Except for one little detail. Adams was summarizing a view to which he was opposed. In fact he thought it was kind of silly. Two sentences Mr. Barton likes to leave out immediately follow the misleading passage he likes to quote. Adams laments that weak and ignorant people believe the view he just summarized, the view Mr. Barton says Adams believed. The weak minded, says Adams, believe it so much they would be willing to face the executioner’s ax or be burned at the stake for what he regards as a silly artifact.

Although this is all artifice and cunning in the secret original in the heart, yet they all believe it so sincerely that they would lie down their lives under the ax or the fiery fagot for it. Alas, the poor weak ignorant dupe human nature.

Mr. Barton does to the historical record what Andrew Breitbart does to video tapes of innocent people. The fellow, not to put too fine a point on it, falls short of the truth. On television, interviewed by Jon Stewart, he protested that he could not possibly be misleading anyone, because the original letter can be found on his website by anyone who looks enough to drill down to it. The interview was exceptional. For the most part, no mention of the inconvenient sentences are to be discovered in his public pronouncements.

But now he comes up with another tale. The founding fathers, he insists, rejected Darwin’s theory of evolution. Oh my. It is true that some form of the idea of natural selection goes back to Aristotle, but it was not accepted or even widely discussed in scientific circles until the second half of the 1800’s. That is because, until Darwin, scientific evidence simply hadn’t been gathered. Mr. Barton insists a full Evolution vs Creation Science debate took place during original Constitutional deliberations.

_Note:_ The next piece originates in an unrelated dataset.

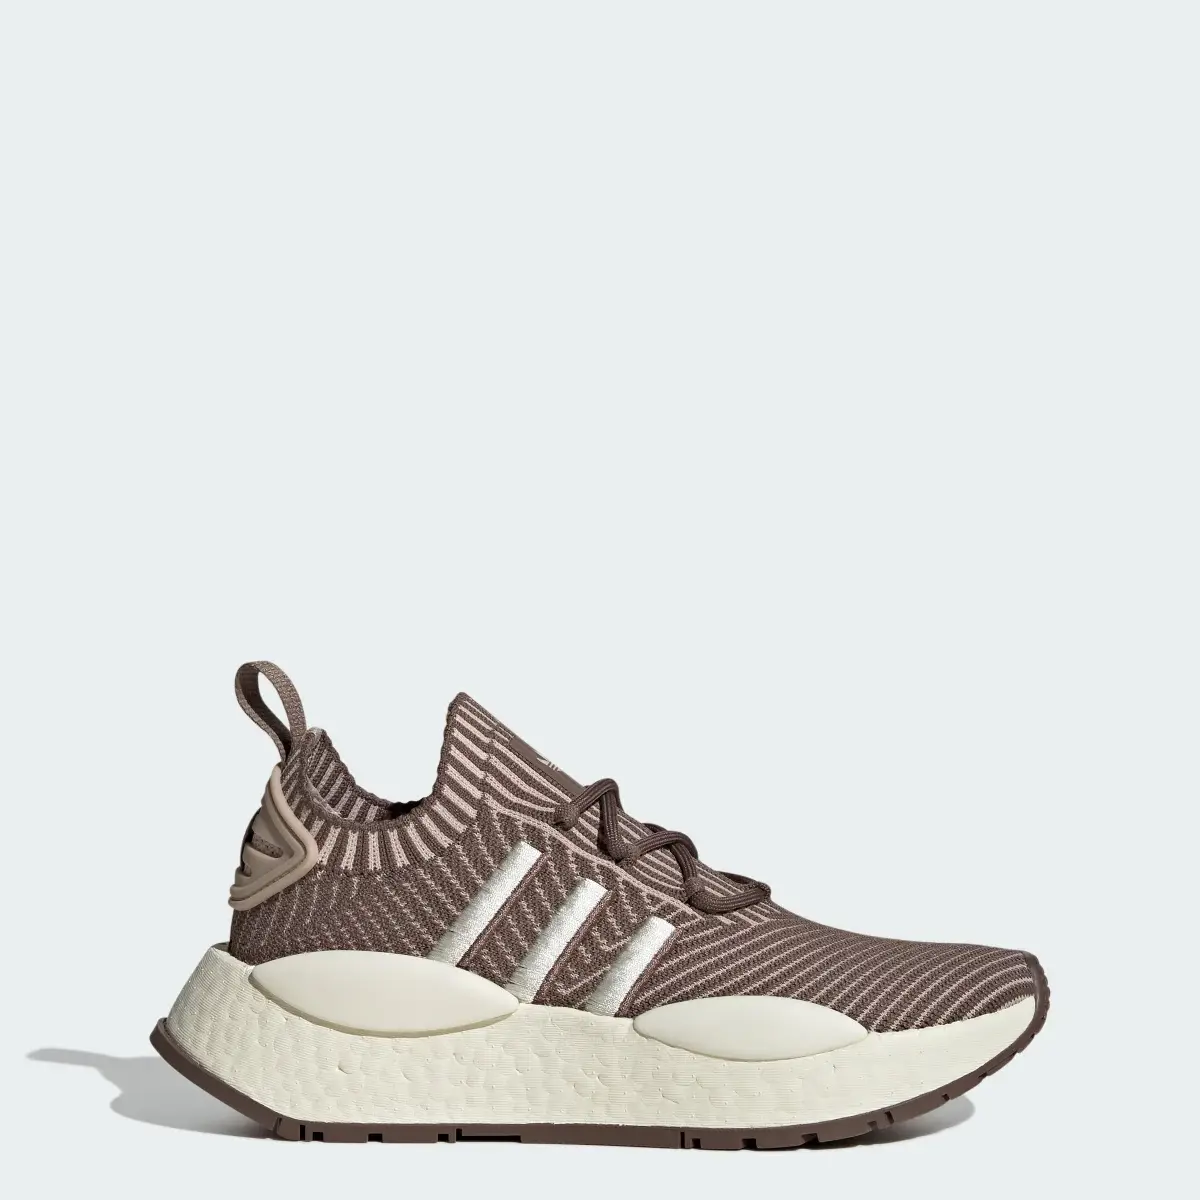 Adidas NMD_W1 Shoes. 1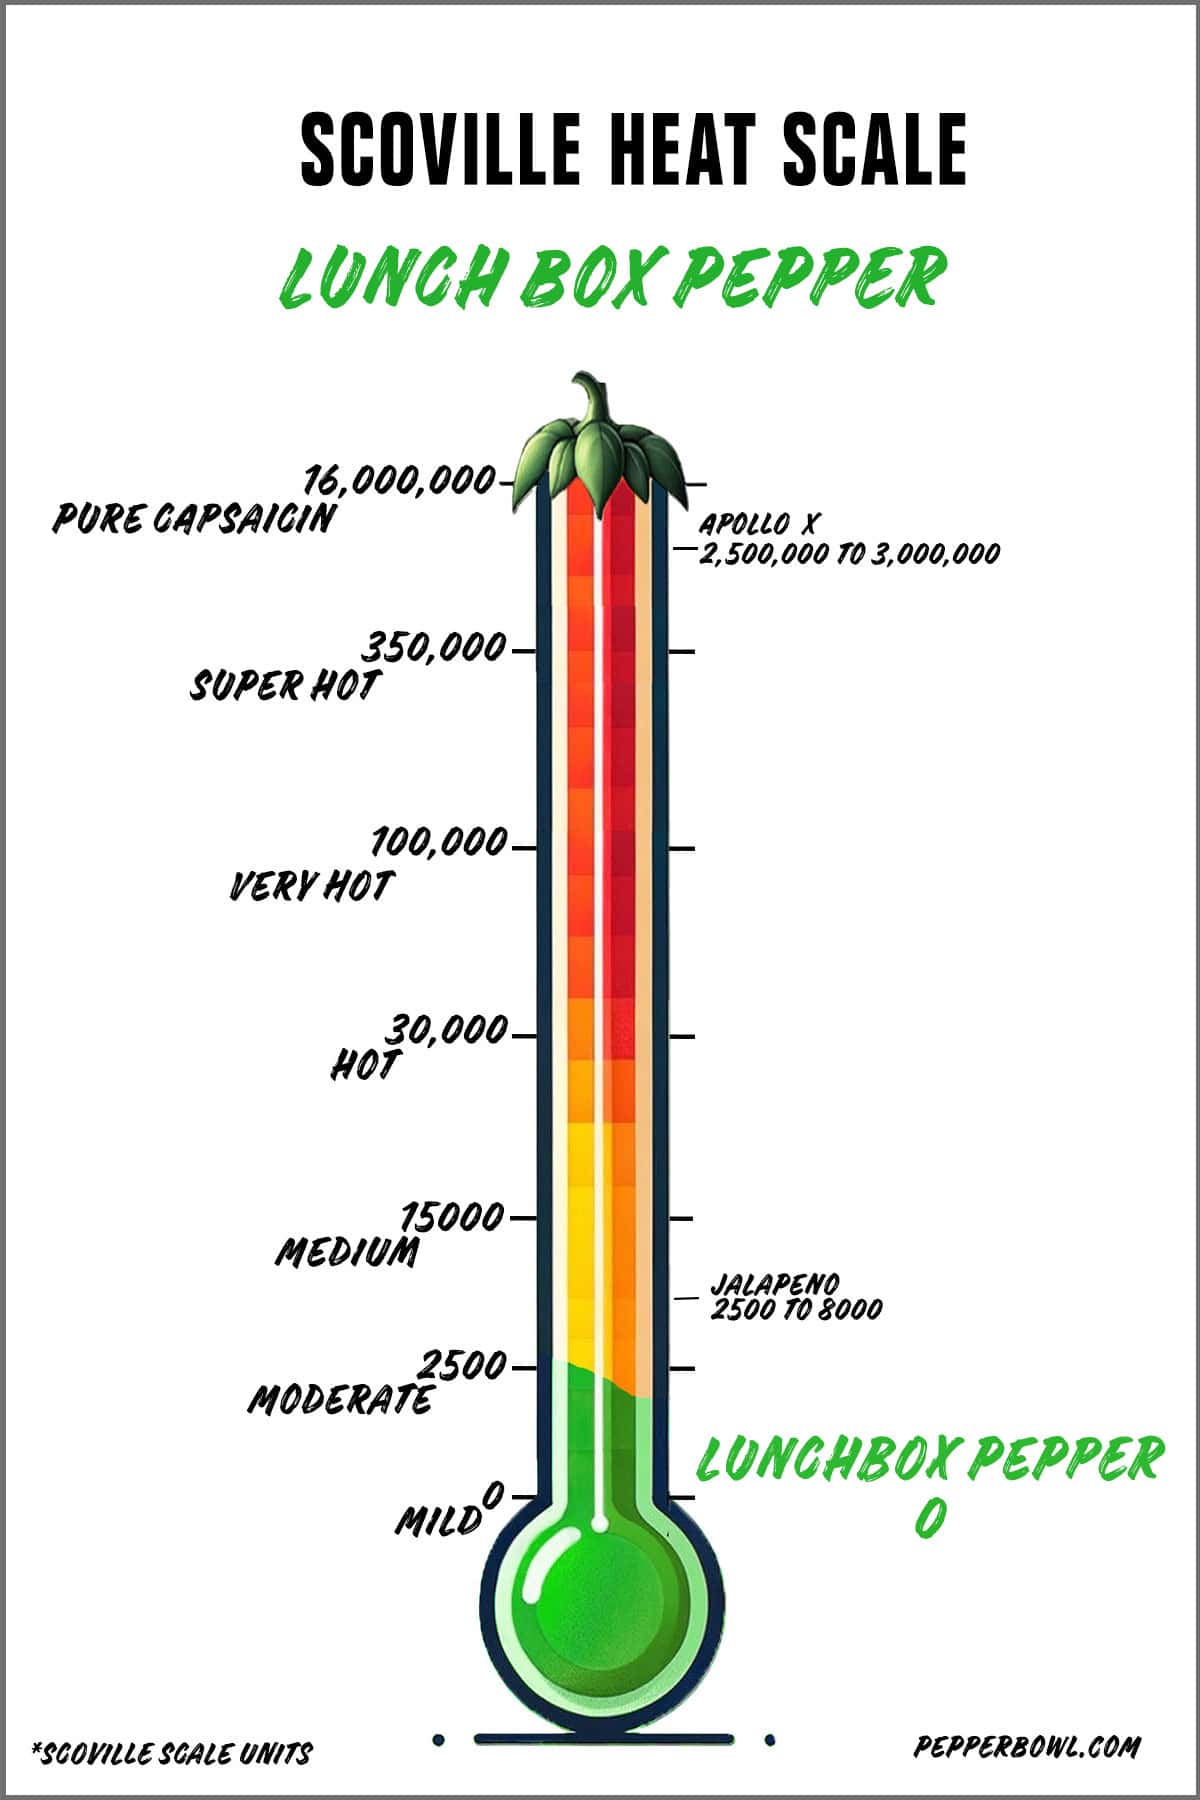 Illustration of the lunchbox pepper in the Scoville scale, representing its heat intensity.

Many of us oppose mixing up religion with government support for a simple reason that goes beyond Mr. Barton’s parsing of words. It is simply unfair to use government to support religion. Religion should be voluntary. Period.

But the tolerance of some Christians for demonstrable falsehood is still jarring. The ethic seems to be that of my chat room buddy, Mr. Z. Christians should never call other Christians on the carpet when a lie is told in the service of the Lord.